_EXERCISE REQUIREMENTS_
Repeat the data verbatim, images excluded.

_DATA_
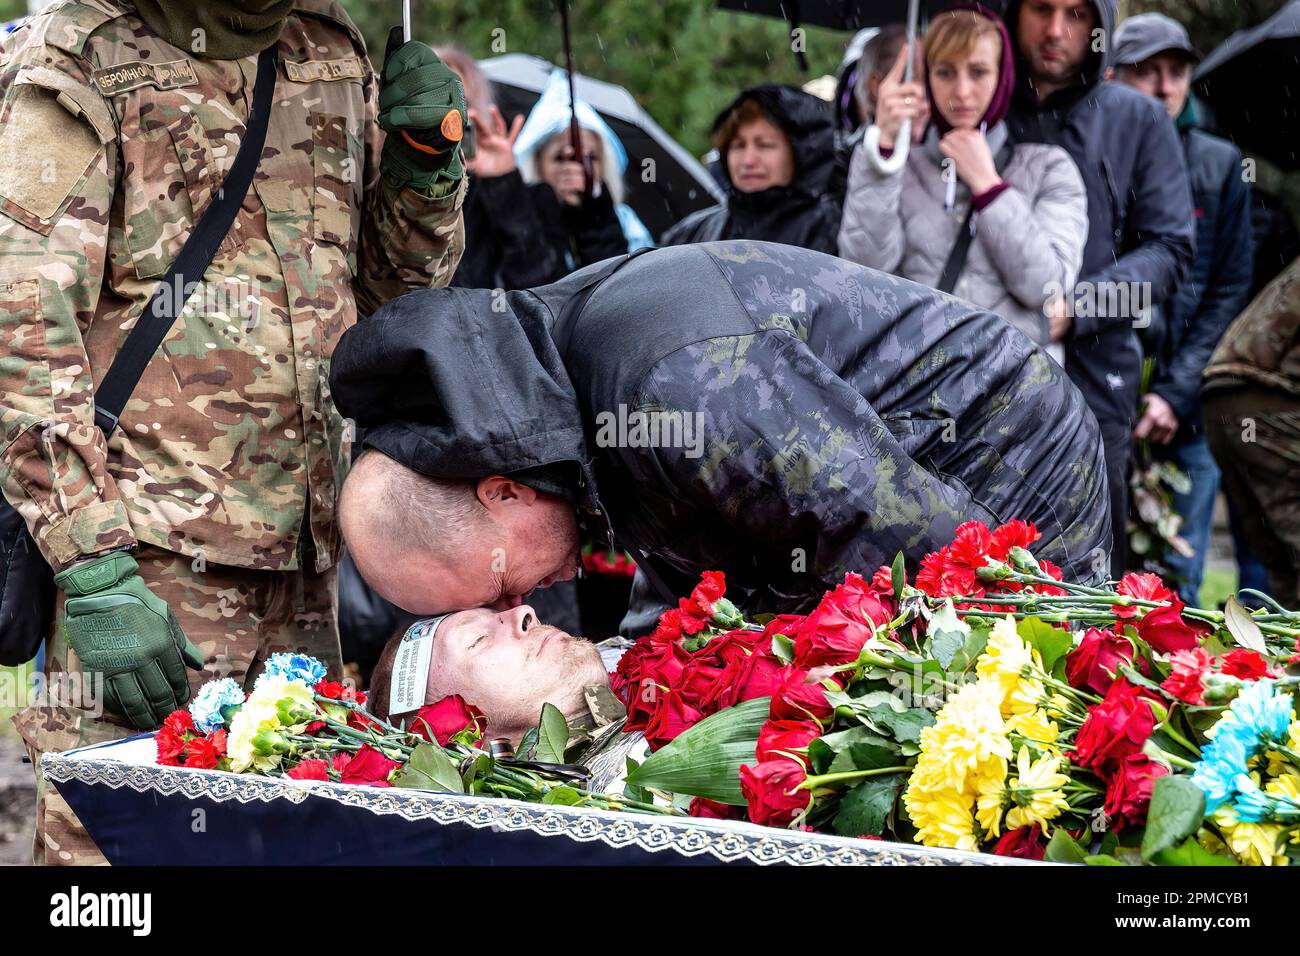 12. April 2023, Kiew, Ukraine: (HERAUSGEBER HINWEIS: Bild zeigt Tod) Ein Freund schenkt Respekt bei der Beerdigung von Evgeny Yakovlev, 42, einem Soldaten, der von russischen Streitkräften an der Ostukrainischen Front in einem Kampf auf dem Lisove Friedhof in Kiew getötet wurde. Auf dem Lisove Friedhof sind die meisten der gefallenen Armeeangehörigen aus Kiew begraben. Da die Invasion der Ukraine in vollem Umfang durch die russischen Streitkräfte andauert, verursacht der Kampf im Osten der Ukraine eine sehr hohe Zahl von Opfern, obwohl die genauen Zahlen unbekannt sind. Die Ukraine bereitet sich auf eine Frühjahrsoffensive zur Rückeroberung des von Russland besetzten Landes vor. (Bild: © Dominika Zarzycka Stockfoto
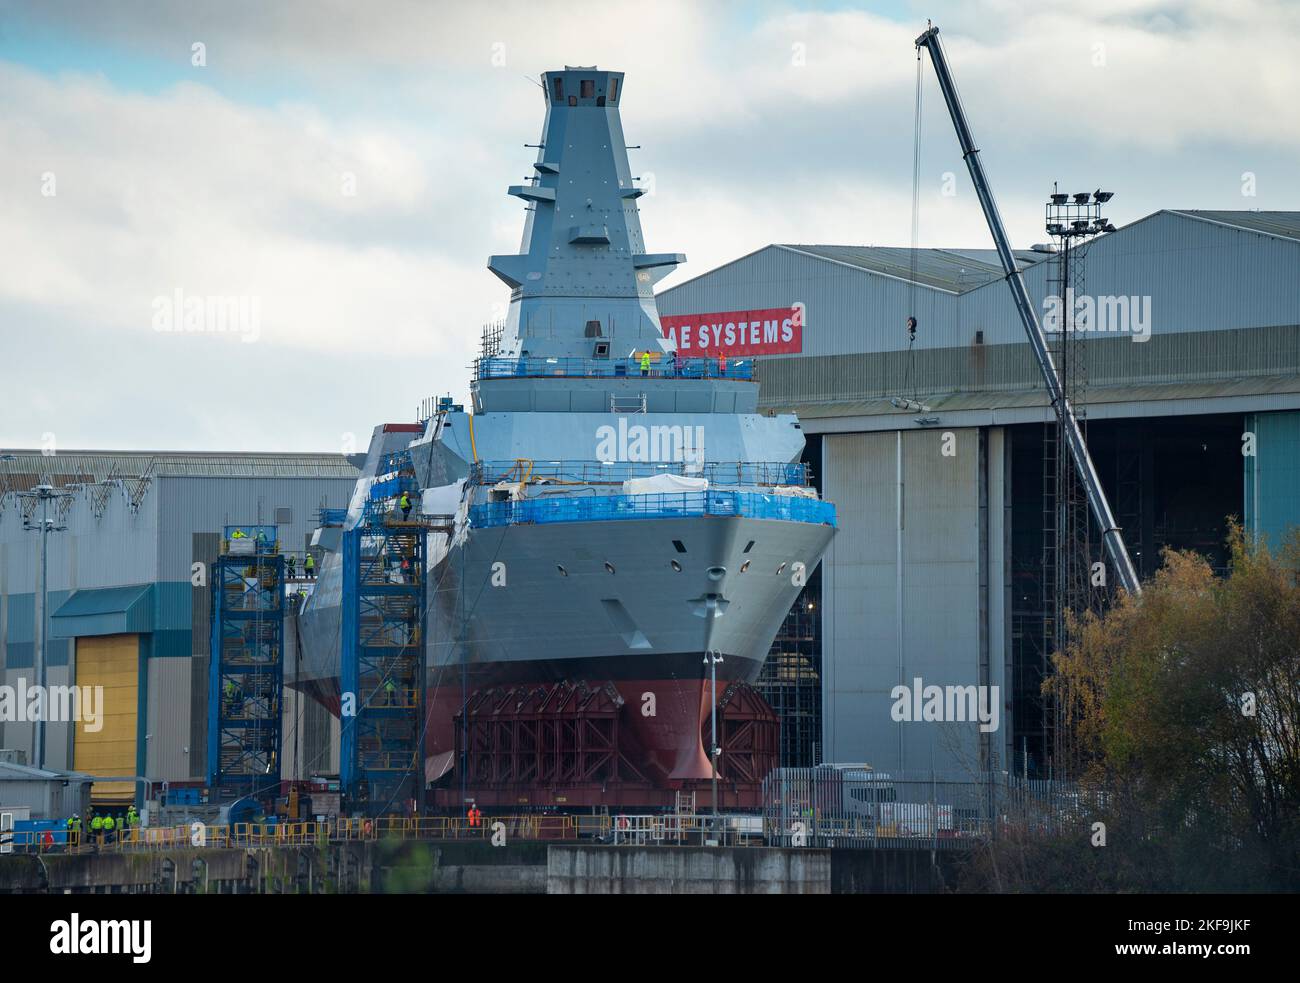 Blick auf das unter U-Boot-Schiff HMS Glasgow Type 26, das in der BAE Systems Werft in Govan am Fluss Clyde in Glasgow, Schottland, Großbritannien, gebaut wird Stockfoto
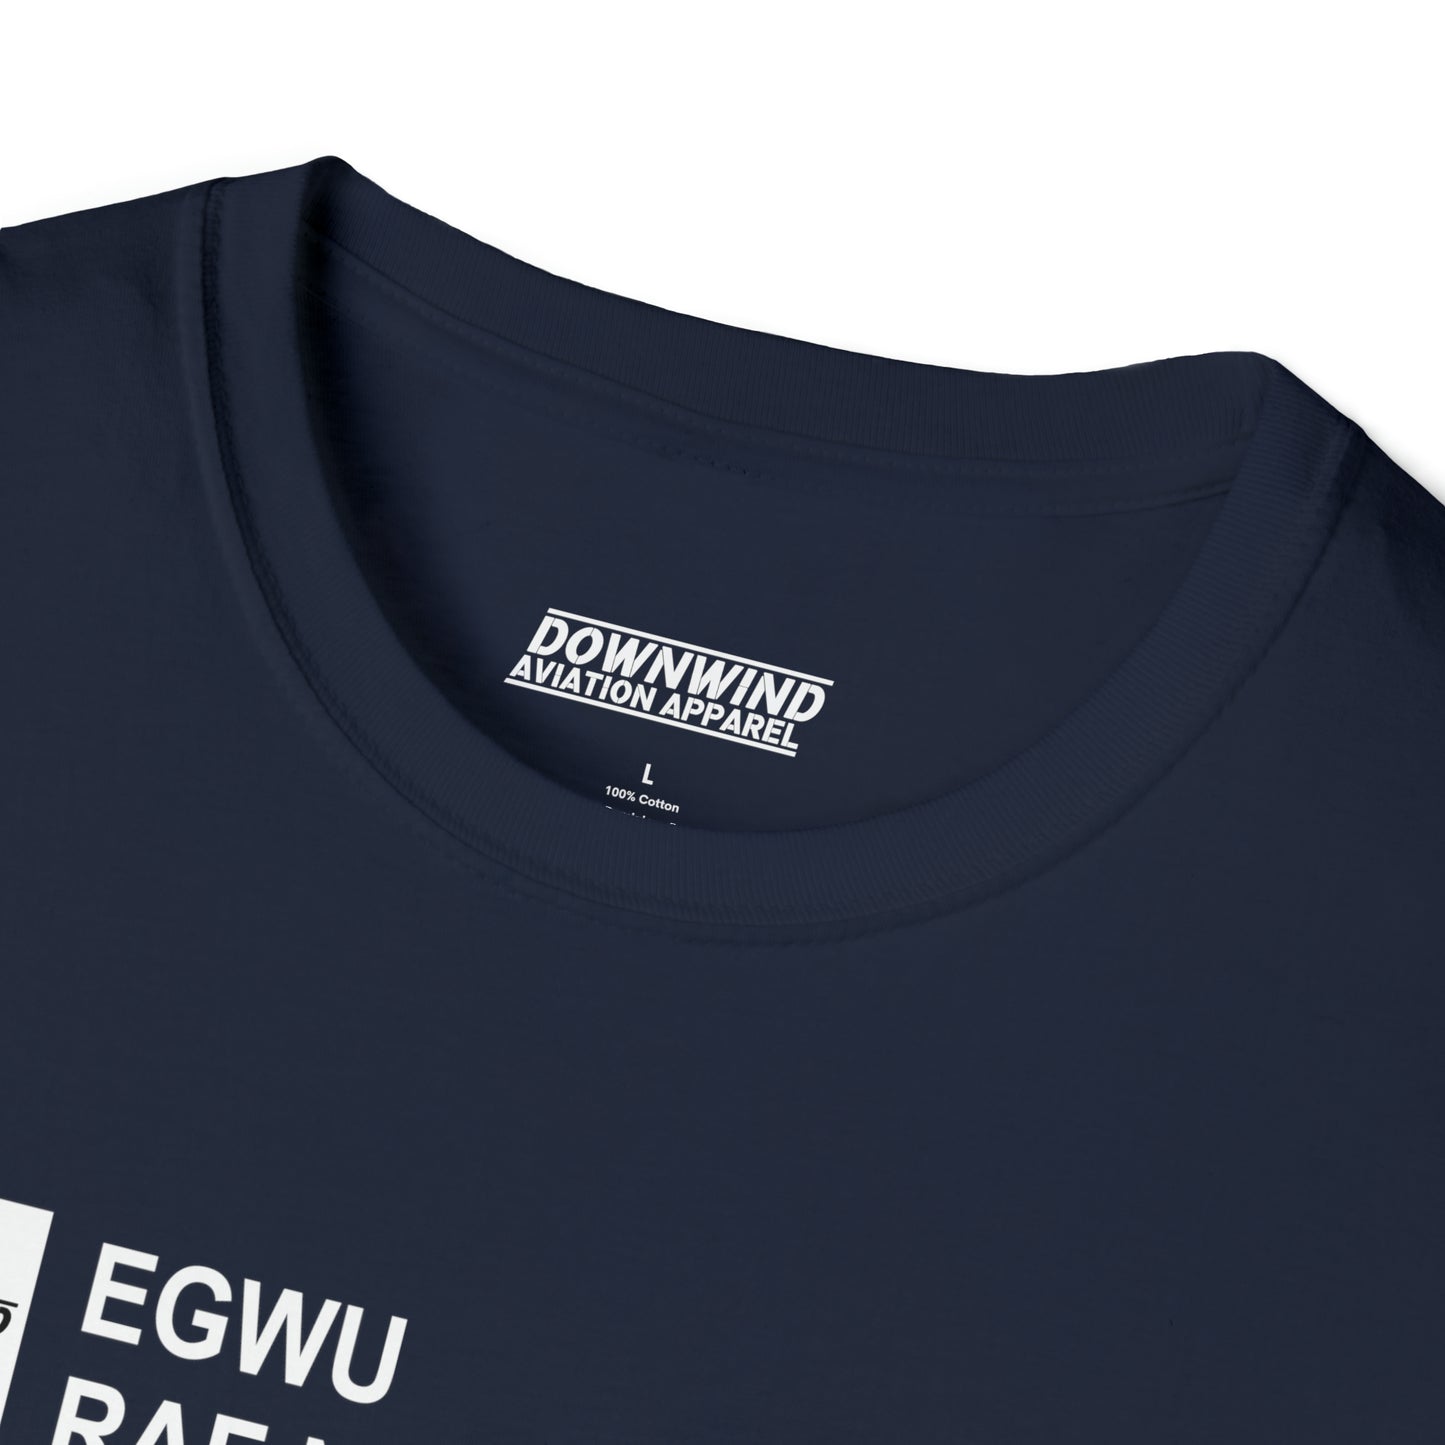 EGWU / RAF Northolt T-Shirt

_TASK RESPONSE_
 12. April 2023, Kiew, Ukraine: (HERAUSGEBER HINWEIS: Bild zeigt Tod) Ein Freund schenkt Respekt bei der Beerdigung von Evgeny Yakovlev, 42, einem Soldaten, der von russischen Streitkräften an der Ostukrainischen Front in einem Kampf auf dem Lisove Friedhof in Kiew getötet wurde. Auf dem Lisove Friedhof sind die meisten der gefallenen Armeeangehörigen aus Kiew begraben. Da die Invasion der Ukraine in vollem Umfang durch die russischen Streitkräfte andauert, verursacht der Kampf im Osten der Ukraine eine sehr hohe Zahl von Opfern, obwohl die genauen Zahlen unbekannt sind. Die Ukraine bereitet sich auf eine Frühjahrsoffensive zur Rückeroberung des von Russland besetzten Landes vor. (Bild: © Dominika Zarzycka Stockfoto
 Blick auf das unter U-Boot-Schiff HMS Glasgow Type 26, das in der BAE Systems Werft in Govan am Fluss Clyde in Glasgow, Schottland, Großbritannien, gebaut wird Stockfoto
 EGWU / RAF Northolt T-Shirt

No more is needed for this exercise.